===== Given information

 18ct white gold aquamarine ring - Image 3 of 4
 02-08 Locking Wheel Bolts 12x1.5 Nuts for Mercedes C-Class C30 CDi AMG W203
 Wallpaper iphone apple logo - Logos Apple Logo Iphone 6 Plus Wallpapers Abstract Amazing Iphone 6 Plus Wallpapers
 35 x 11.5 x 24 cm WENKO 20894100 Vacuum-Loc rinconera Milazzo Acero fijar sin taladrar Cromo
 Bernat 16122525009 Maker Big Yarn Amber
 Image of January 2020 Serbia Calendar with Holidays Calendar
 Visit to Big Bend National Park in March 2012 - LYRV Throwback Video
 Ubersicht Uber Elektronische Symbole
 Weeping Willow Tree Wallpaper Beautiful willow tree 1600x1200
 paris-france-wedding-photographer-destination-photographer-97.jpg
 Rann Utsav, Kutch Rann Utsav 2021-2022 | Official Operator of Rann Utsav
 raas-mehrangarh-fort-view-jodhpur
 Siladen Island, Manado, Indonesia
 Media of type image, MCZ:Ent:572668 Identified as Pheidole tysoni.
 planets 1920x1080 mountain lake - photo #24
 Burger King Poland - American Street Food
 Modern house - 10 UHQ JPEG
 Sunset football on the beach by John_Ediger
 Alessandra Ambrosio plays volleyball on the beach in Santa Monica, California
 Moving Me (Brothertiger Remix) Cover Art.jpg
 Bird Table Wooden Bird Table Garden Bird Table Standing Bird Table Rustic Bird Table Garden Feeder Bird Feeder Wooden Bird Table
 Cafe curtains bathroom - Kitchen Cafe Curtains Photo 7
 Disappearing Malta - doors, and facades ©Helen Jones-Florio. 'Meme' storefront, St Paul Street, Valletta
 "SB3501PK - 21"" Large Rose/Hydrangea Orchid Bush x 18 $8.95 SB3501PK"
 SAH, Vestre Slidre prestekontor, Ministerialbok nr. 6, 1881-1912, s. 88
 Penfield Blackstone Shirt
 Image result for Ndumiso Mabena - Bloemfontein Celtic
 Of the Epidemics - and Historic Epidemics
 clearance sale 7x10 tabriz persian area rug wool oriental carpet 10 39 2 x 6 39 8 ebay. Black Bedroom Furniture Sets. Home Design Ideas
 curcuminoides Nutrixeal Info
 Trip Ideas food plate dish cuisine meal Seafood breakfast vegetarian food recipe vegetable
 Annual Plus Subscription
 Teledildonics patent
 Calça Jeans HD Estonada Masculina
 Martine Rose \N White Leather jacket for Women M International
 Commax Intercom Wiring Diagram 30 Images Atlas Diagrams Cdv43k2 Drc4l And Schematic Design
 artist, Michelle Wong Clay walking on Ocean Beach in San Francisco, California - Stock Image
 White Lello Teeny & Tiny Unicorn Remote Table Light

==========

**Requirement**
Reproduce the listing in full. Keep it exactly as written.

**Solution below**
 18ct white gold aquamarine ring - Image 3 of 4
 02-08 Locking Wheel Bolts 12x1.5 Nuts for Mercedes C-Class C30 CDi AMG W203
 Wallpaper iphone apple logo - Logos Apple Logo Iphone 6 Plus Wallpapers Abstract Amazing Iphone 6 Plus Wallpapers
 35 x 11.5 x 24 cm WENKO 20894100 Vacuum-Loc rinconera Milazzo Acero fijar sin taladrar Cromo
 Bernat 16122525009 Maker Big Yarn Amber
 Image of January 2020 Serbia Calendar with Holidays Calendar
 Visit to Big Bend National Park in March 2012 - LYRV Throwback Video
 Ubersicht Uber Elektronische Symbole
 Weeping Willow Tree Wallpaper Beautiful willow tree 1600x1200
 paris-france-wedding-photographer-destination-photographer-97.jpg
 Rann Utsav, Kutch Rann Utsav 2021-2022 | Official Operator of Rann Utsav
 raas-mehrangarh-fort-view-jodhpur
 Siladen Island, Manado, Indonesia
 Media of type image, MCZ:Ent:572668 Identified as Pheidole tysoni.
 planets 1920x1080 mountain lake - photo #24
 Burger King Poland - American Street Food
 Modern house - 10 UHQ JPEG
 Sunset football on the beach by John_Ediger
 Alessandra Ambrosio plays volleyball on the beach in Santa Monica, California
 Moving Me (Brothertiger Remix) Cover Art.jpg
 Bird Table Wooden Bird Table Garden Bird Table Standing Bird Table Rustic Bird Table Garden Feeder Bird Feeder Wooden Bird Table
 Cafe curtains bathroom - Kitchen Cafe Curtains Photo 7
 Disappearing Malta - doors, and facades ©Helen Jones-Florio. 'Meme' storefront, St Paul Street, Valletta
 "SB3501PK - 21"" Large Rose/Hydrangea Orchid Bush x 18 $8.95 SB3501PK"
 SAH, Vestre Slidre prestekontor, Ministerialbok nr. 6, 1881-1912, s. 88
 Penfield Blackstone Shirt
 Image result for Ndumiso Mabena - Bloemfontein Celtic
 Of the Epidemics - and Historic Epidemics
 clearance sale 7x10 tabriz persian area rug wool oriental carpet 10 39 2 x 6 39 8 ebay. Black Bedroom Furniture Sets. Home Design Ideas
 curcuminoides Nutrixeal Info
 Trip Ideas food plate dish cuisine meal Seafood breakfast vegetarian food recipe vegetable
 Annual Plus Subscription
 Teledildonics patent
 Calça Jeans HD Estonada Masculina
 Martine Rose \N White Leather jacket for Women M International
 Commax Intercom Wiring Diagram 30 Images Atlas Diagrams Cdv43k2 Drc4l And Schematic Design
 artist, Michelle Wong Clay walking on Ocean Beach in San Francisco, California - Stock Image
 White Lello Teeny & Tiny Unicorn Remote Table Light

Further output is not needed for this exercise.